Step 5: List all the parts of your multipart upload

To complete the multipart upload, you will need a list of all the parts that have been uploaded for that specific multipart upload. The output from the list-parts command provides information such as bucket name, key, upload ID, part number, ETag, additional checksums, and more. It’s helpful to save this output in a file so that you can use it for the next step when completing the multipart upload process. You can create a JSON output file called parts.json by using the following method.

To create a file that lists all of the parts
  1. To generate a JSON file with the details of all the uploaded parts, use the following list-parts command. Replace amzn-s3-demo-bucket1 with your actual bucket name and <your-upload-id> with the upload ID that you received in Step 3. For more information on the list-parts command, see list-parts in the AWS Command Line Interface User Guide.

    aws s3api list-parts --bucket amzn-s3-demo-bucket1 --key 'census_data_file' --upload-id <your-upload-id> --query '{Parts: Parts[*].{PartNumber: PartNumber, ETag: ETag, ChecksumSHA256: ChecksumSHA256}}' --output json > parts.json

    A new file called parts.json is generated. The file contains the JSON formatted information for all of your uploaded parts. The parts.json file includes essential information for each part of your multipart upload, such as the part numbers and their corresponding ETag values, which are necessary for completing the multipart upload process.

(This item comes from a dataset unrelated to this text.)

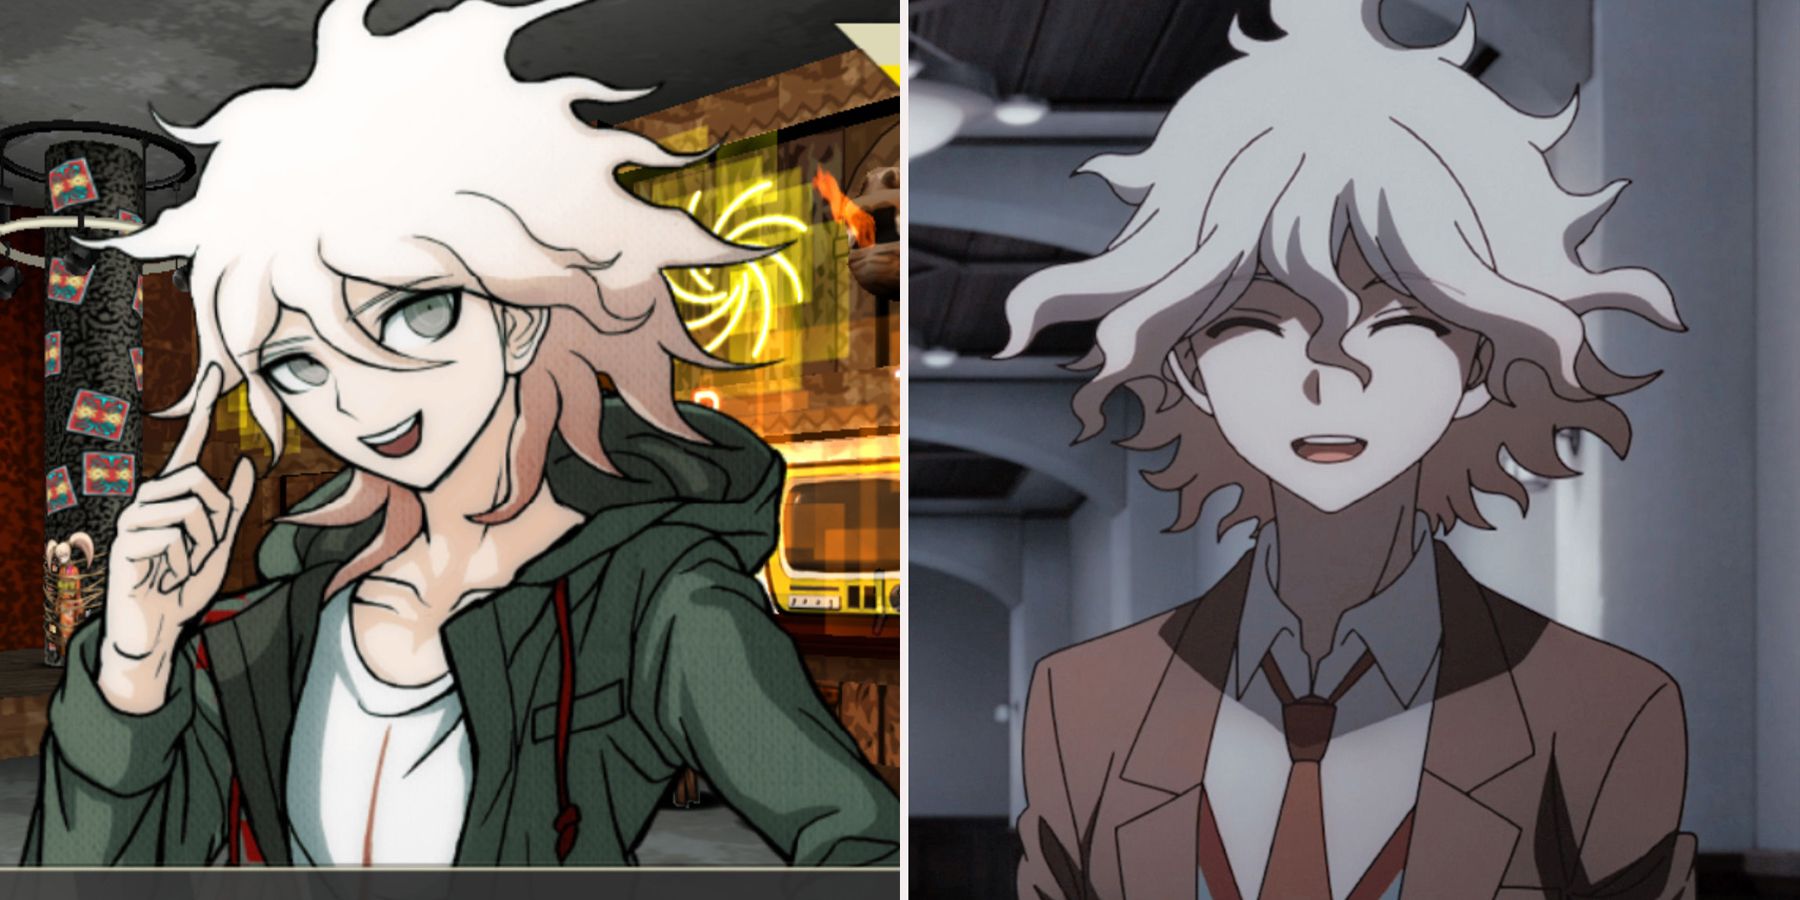 Danganronpa 7 Things You Didn't Know About Nagito Komaeda featured image

  2. Open parts.json by using any text editor or through the terminal. Here’s the example output:

    { "Parts": [ { "PartNumber": 1, "ETag": "\"3c3097f89e2a2fece47ac54b243c9d97\"", "ChecksumSHA256": "fTPVHfyNHdv5VkR4S3EewdyioXECv7JBxN+d4FXYYTw=" }, { "PartNumber": 2, "ETag": "\"03c71cc160261b20ab74f6d2c476b450\"", "ChecksumSHA256": "VDWTa8enjOvULBAO3W2a6C+5/7ZnNjrnLApa1QVc3FE=" }, { "PartNumber": 3, "ETag": "\"81ae0937404429a97967dffa7eb4affb\"", "ChecksumSHA256": "cVVkXehUlzcwrBrXgPIM+EKQXPUvWist8mlUTCs4bg8=" } ] }

Step 6: Complete the multipart upload

After uploading all parts of your multipart upload and listing them, the final step is to complete the multipart upload. This step merges all the uploaded parts into a single object in your S3 bucket.

Note

You can calculate the object checksum before calling complete-multipart-upload by including --checksum-sha256 in your request. If the checksums don't match, Amazon S3 fails the request. For more information, see complete-multipart-upload in the AWS Command Line Interface User Guide.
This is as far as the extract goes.